Task prompt :: Print the lines below from the line with "Jangoul Unisex Summer" to the line with "コニカ Konica Auto" exactly, keeping both ends, and print no pictures.

Material supplied ::
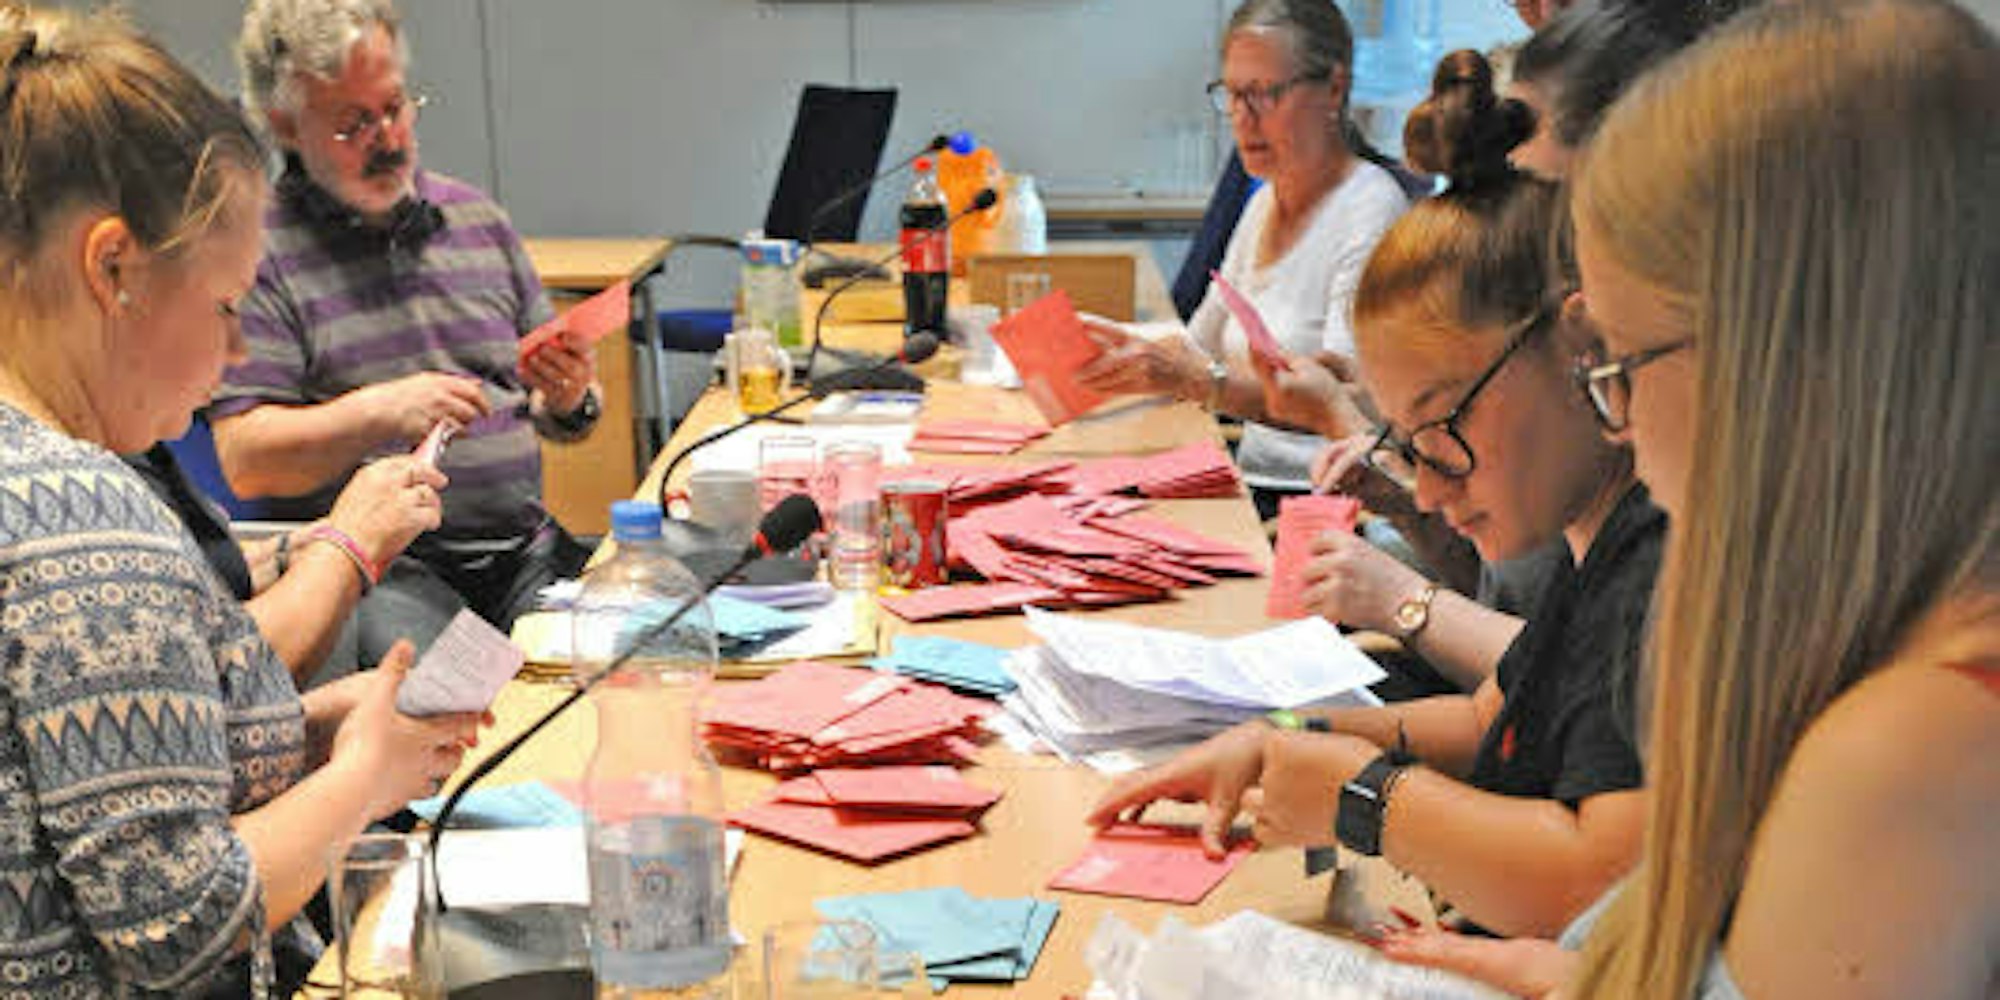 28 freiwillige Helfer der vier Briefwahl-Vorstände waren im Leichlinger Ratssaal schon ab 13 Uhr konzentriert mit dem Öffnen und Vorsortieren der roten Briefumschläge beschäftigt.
* * *
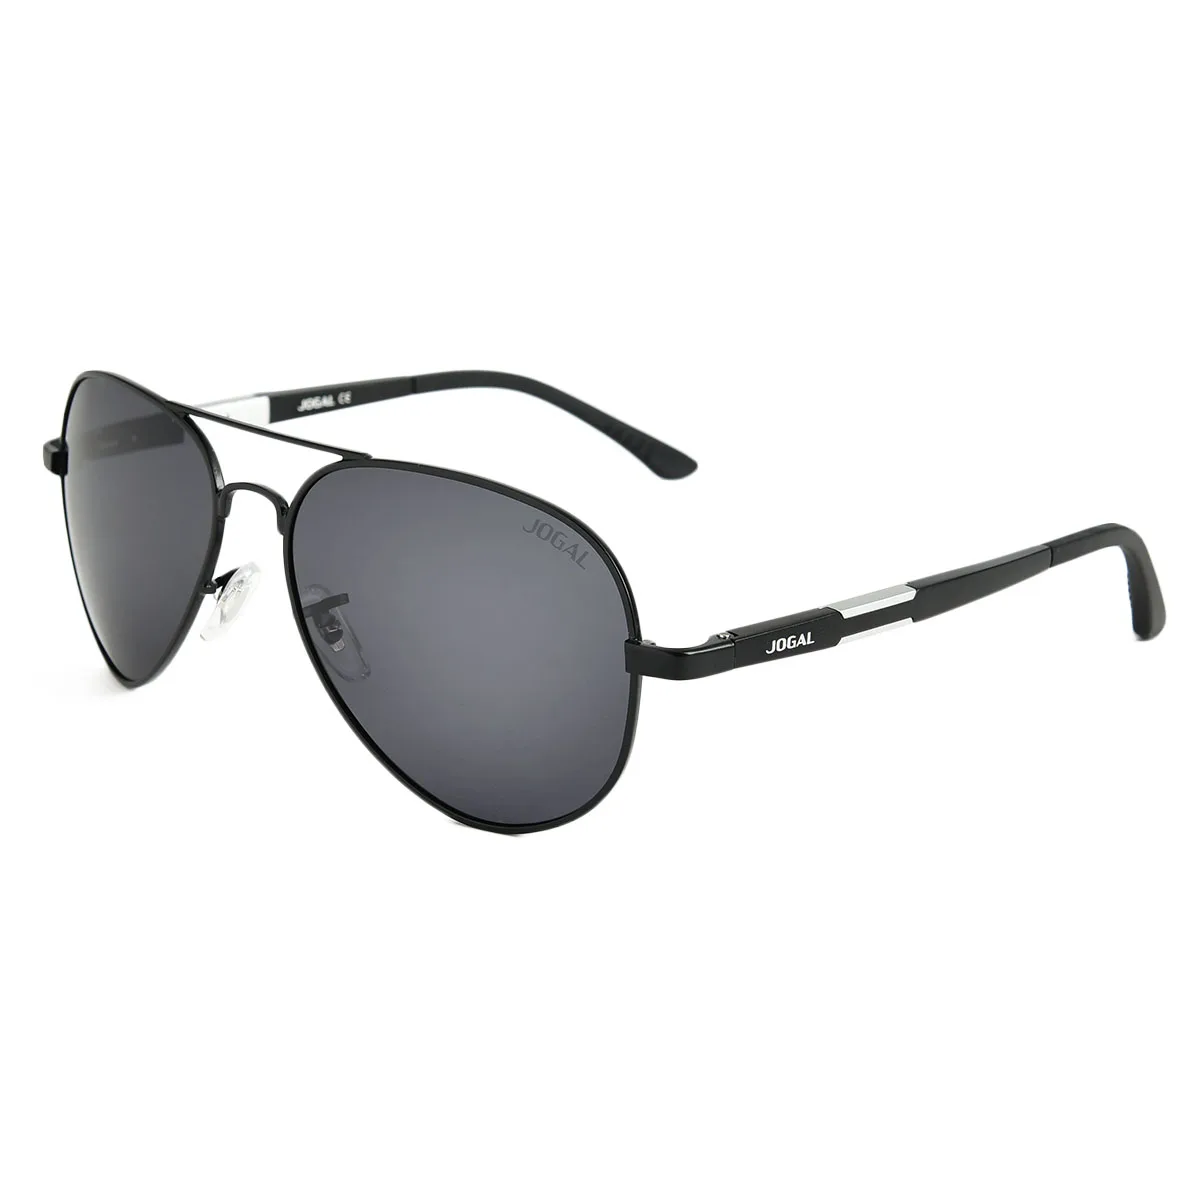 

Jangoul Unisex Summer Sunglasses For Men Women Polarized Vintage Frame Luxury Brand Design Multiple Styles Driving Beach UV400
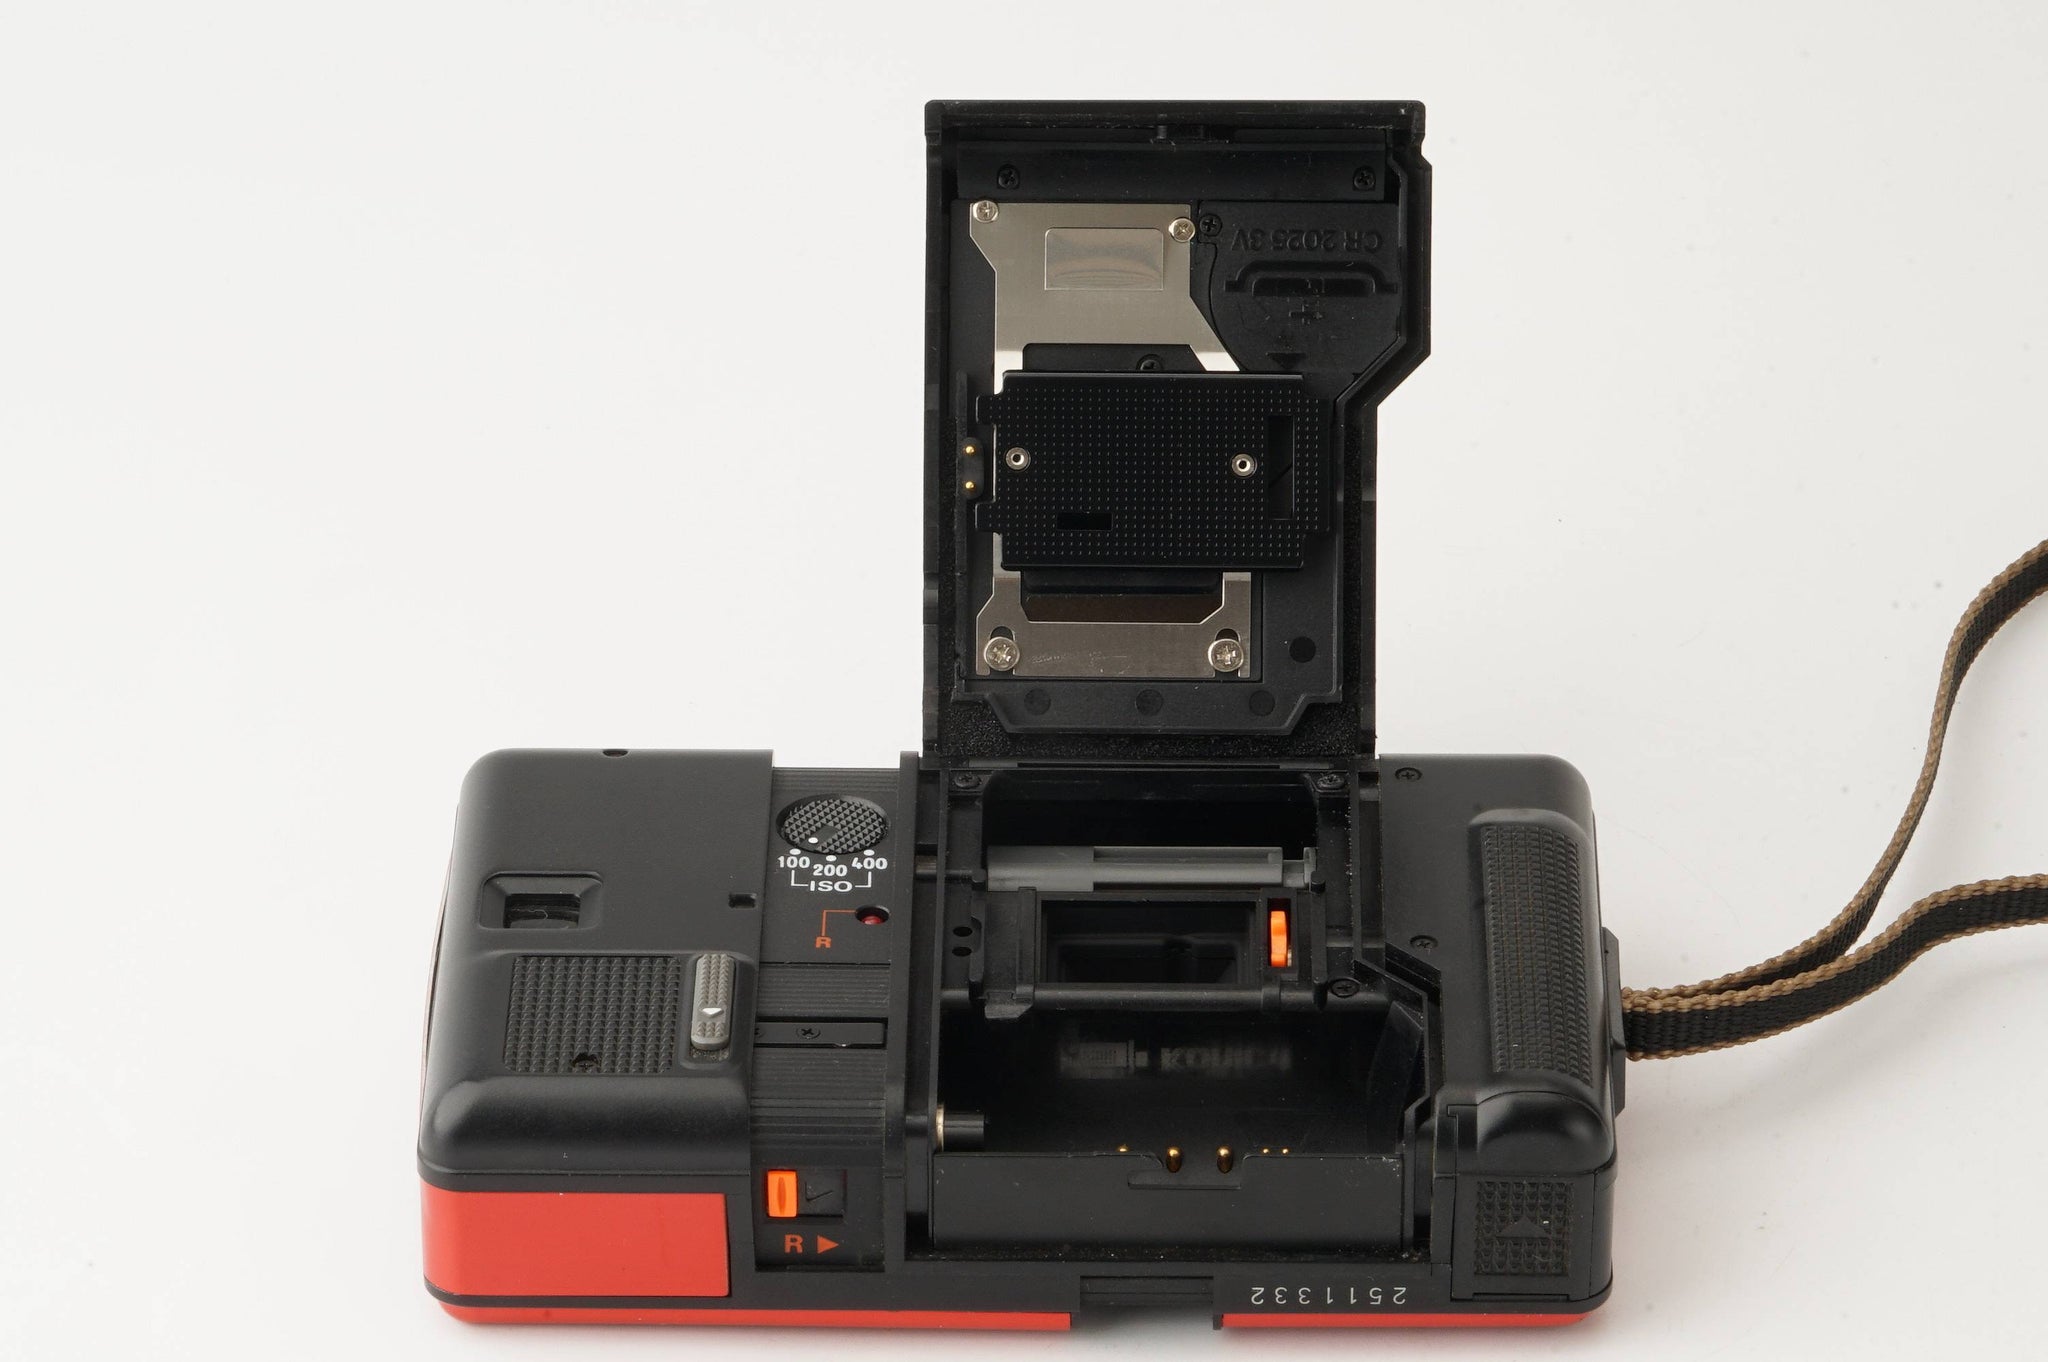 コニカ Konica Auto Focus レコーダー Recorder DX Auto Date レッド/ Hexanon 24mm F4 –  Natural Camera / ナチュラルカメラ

Exercise output ::
Jangoul Unisex Summer Sunglasses For Men Women Polarized Vintage Frame Luxury Brand Design Multiple Styles Driving Beach UV400
 コニカ Konica Auto Focus レコーダー Recorder DX Auto Date レッド/ Hexanon 24mm F4 –  Natural Camera / ナチュラルカメラ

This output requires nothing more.